# Given data
##############################

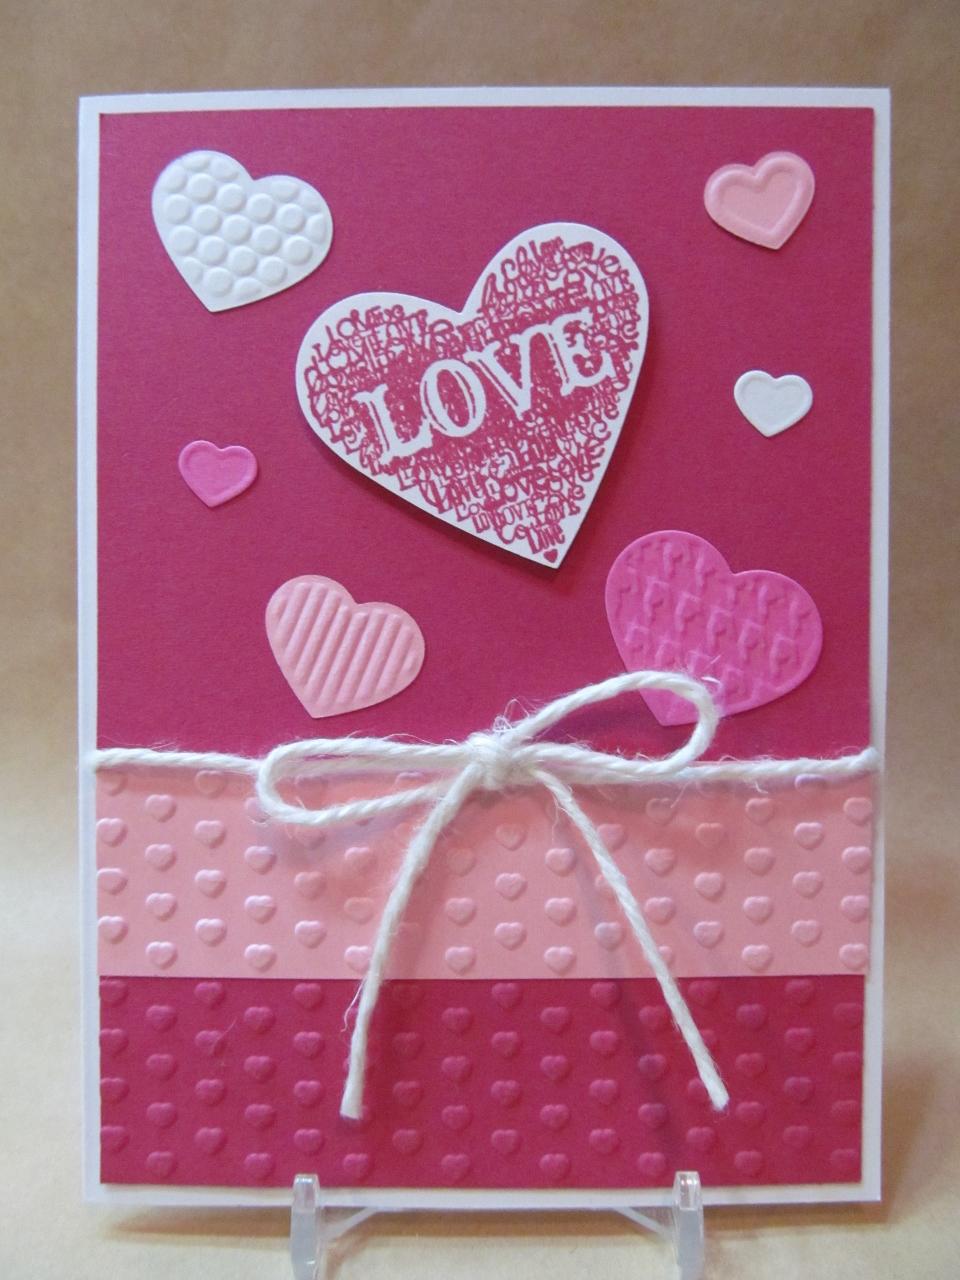 Savvy Handmade Cards: Embossed LOVE Card
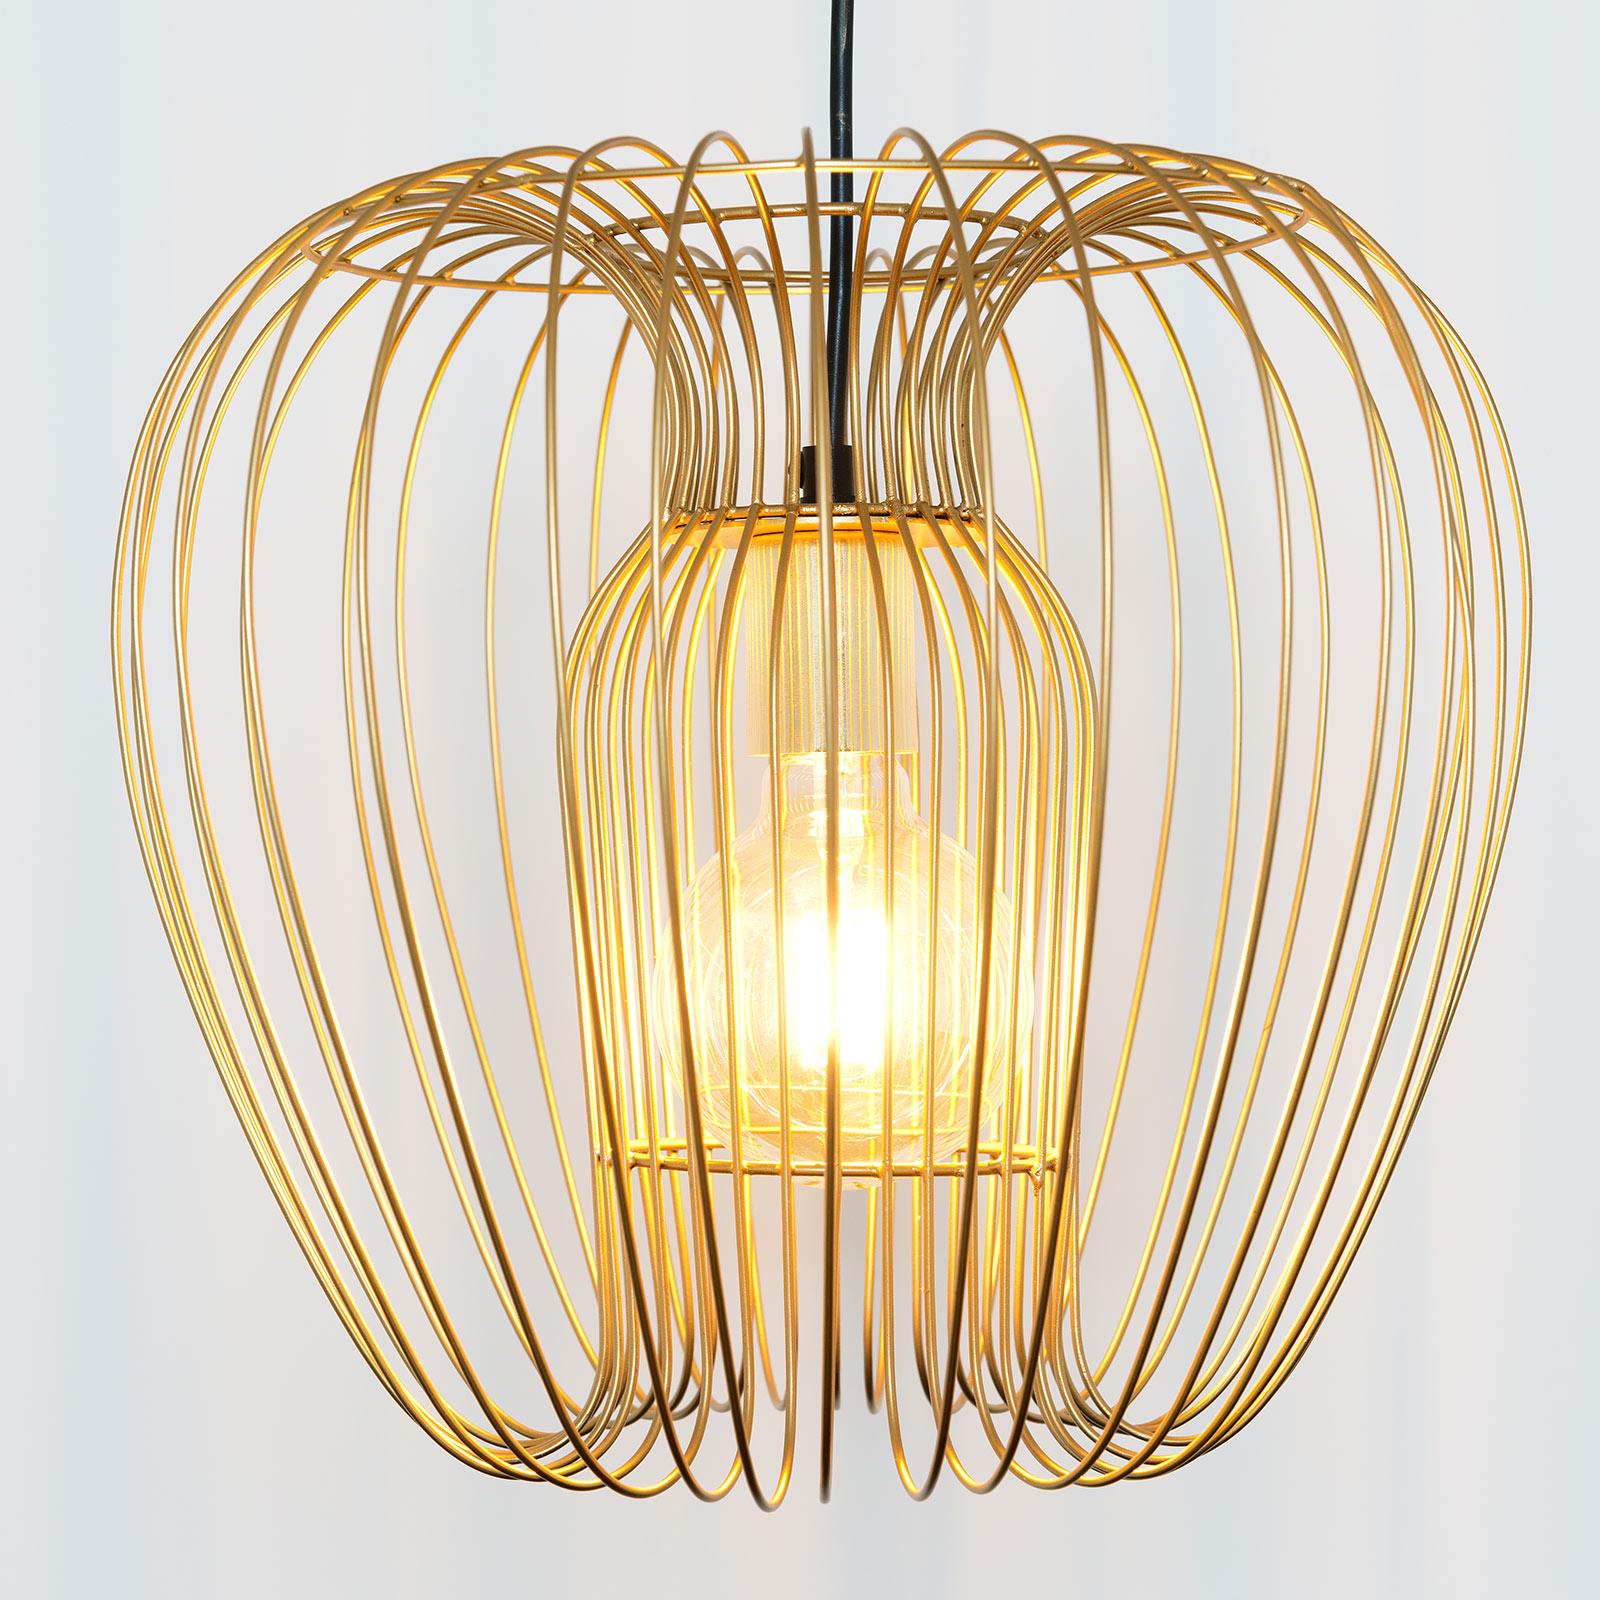 Protetto hængelampe, guld, Ø 34 cm
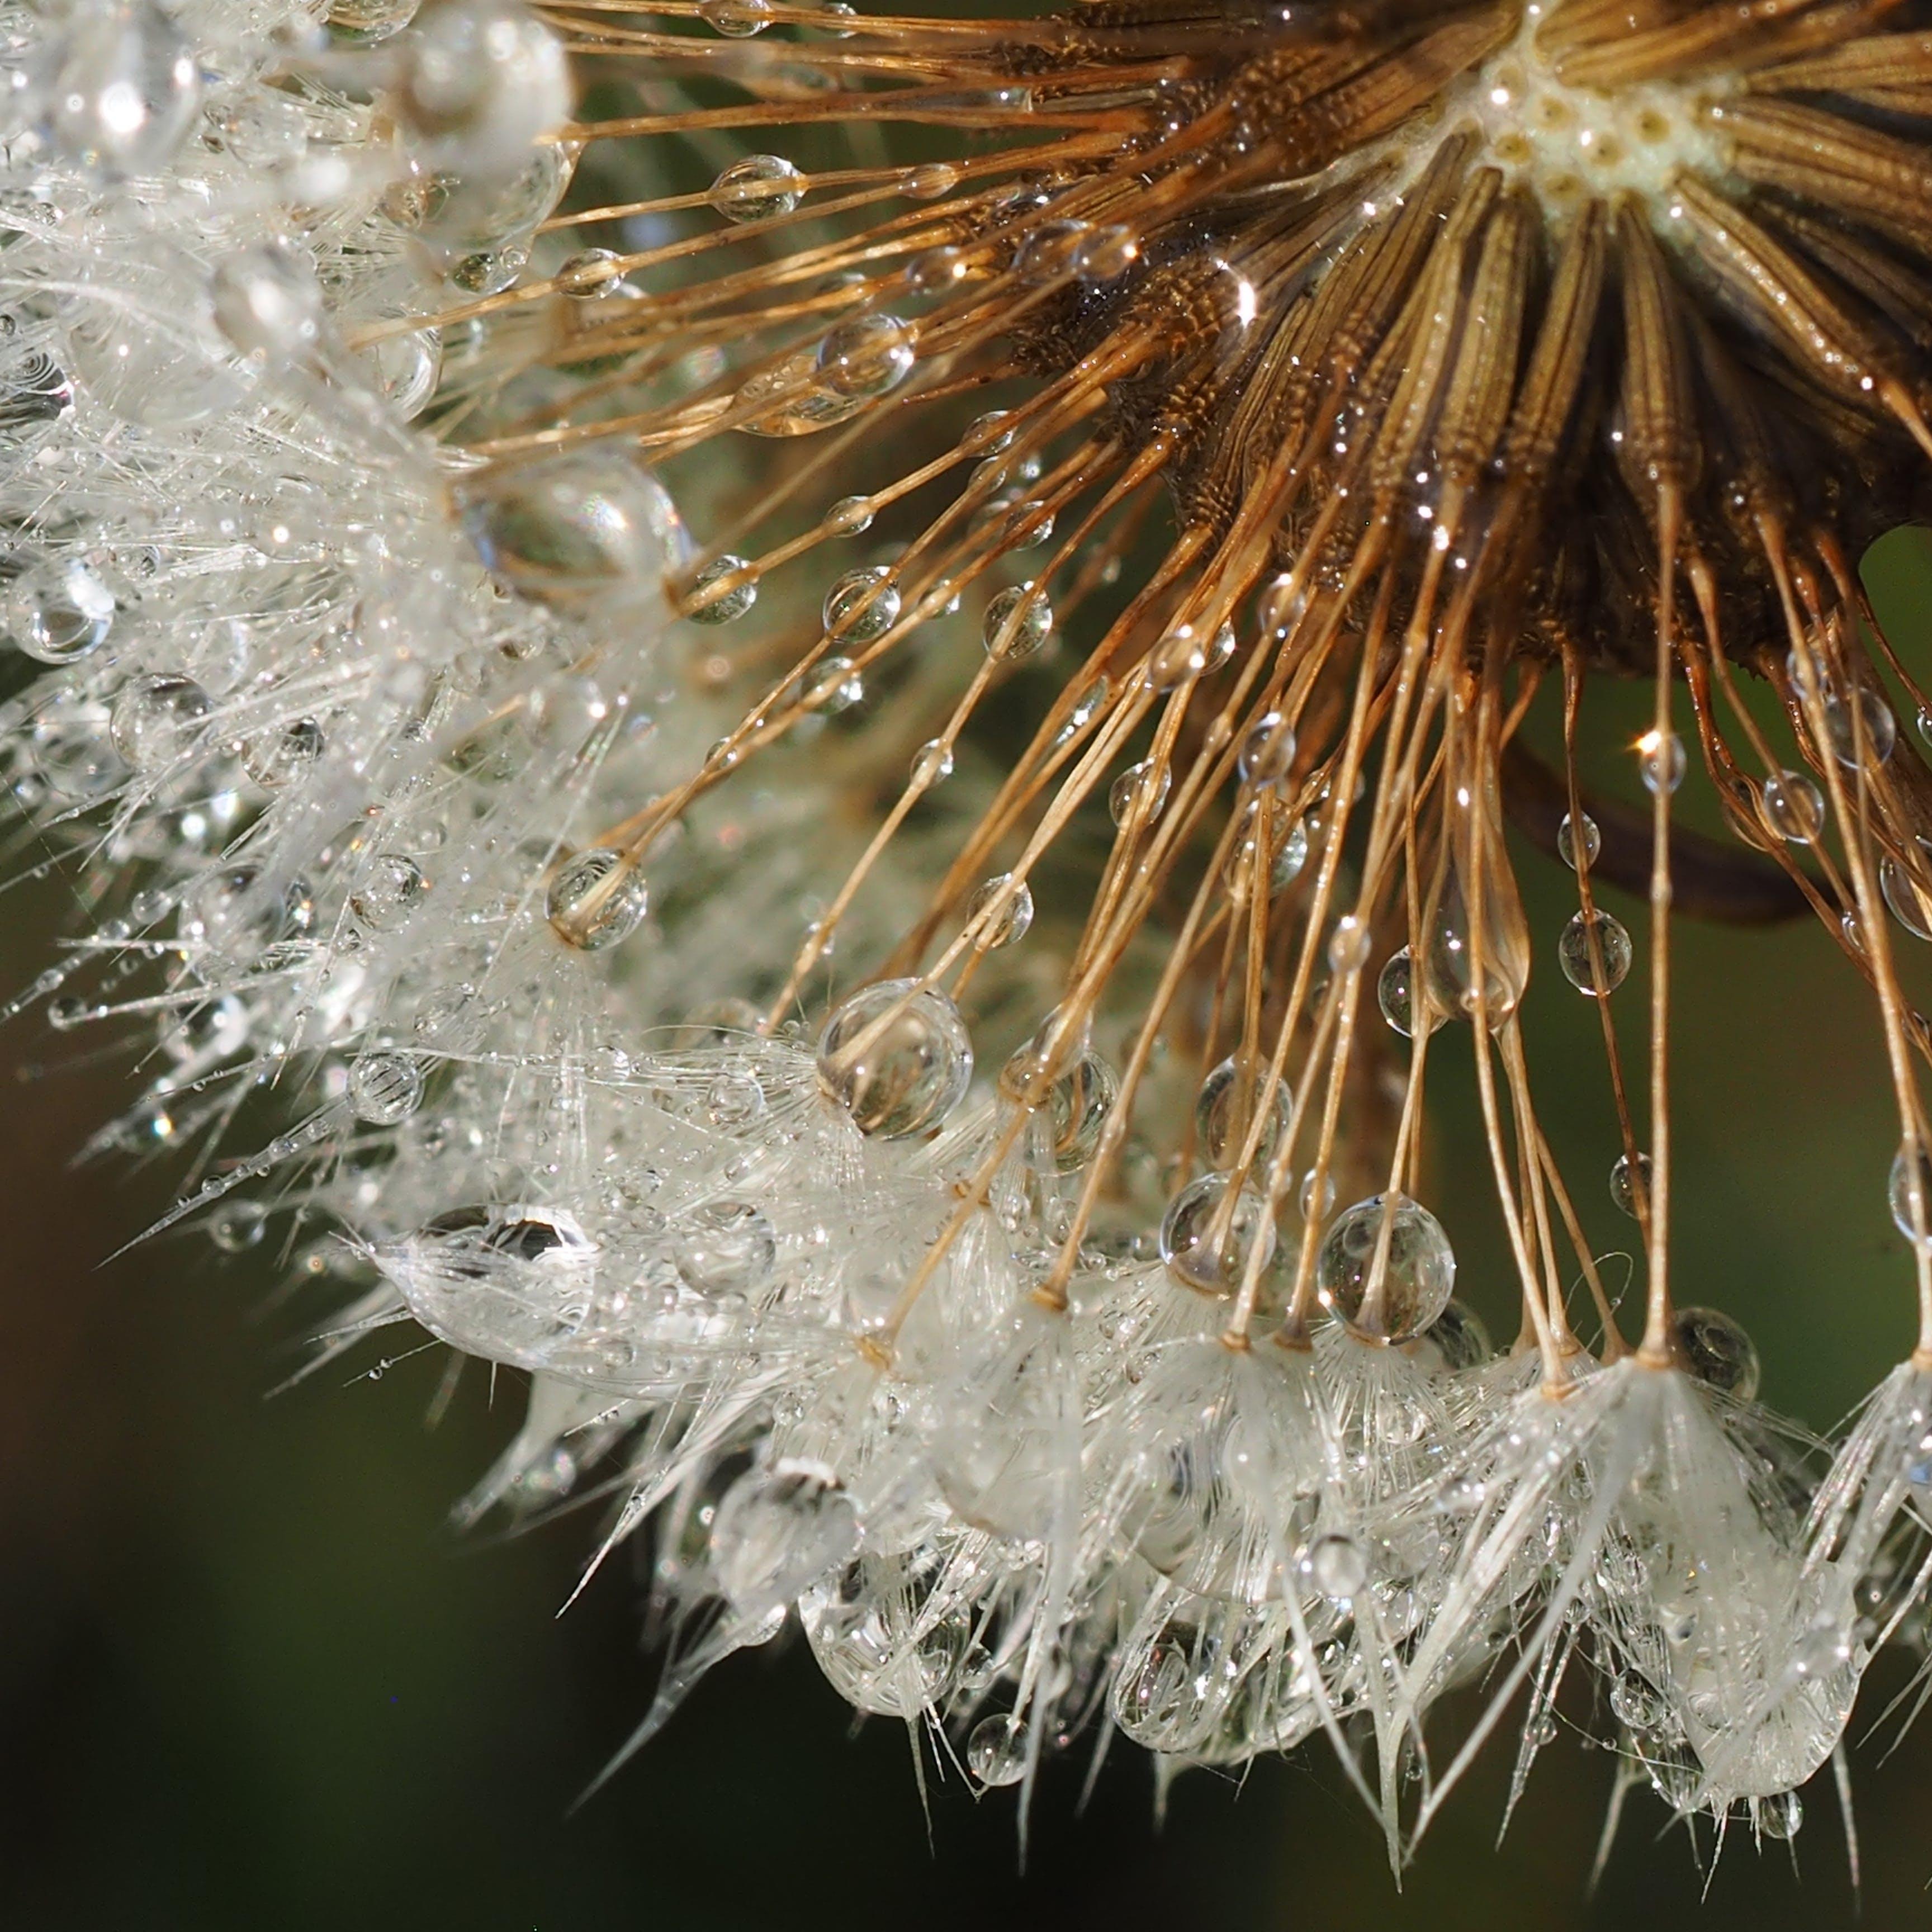 Free stock photo of nature, dew, wet, dandelion

##############################

# Action item
Only the lines from the one containing "Protetto hængelampe, guld, Ø 34 cm" to the end of the listing belong in the answer, exactly as they stand and with no pictures.

# Exercise result
 Protetto hængelampe, guld, Ø 34 cm
 Free stock photo of nature, dew, wet, dandelion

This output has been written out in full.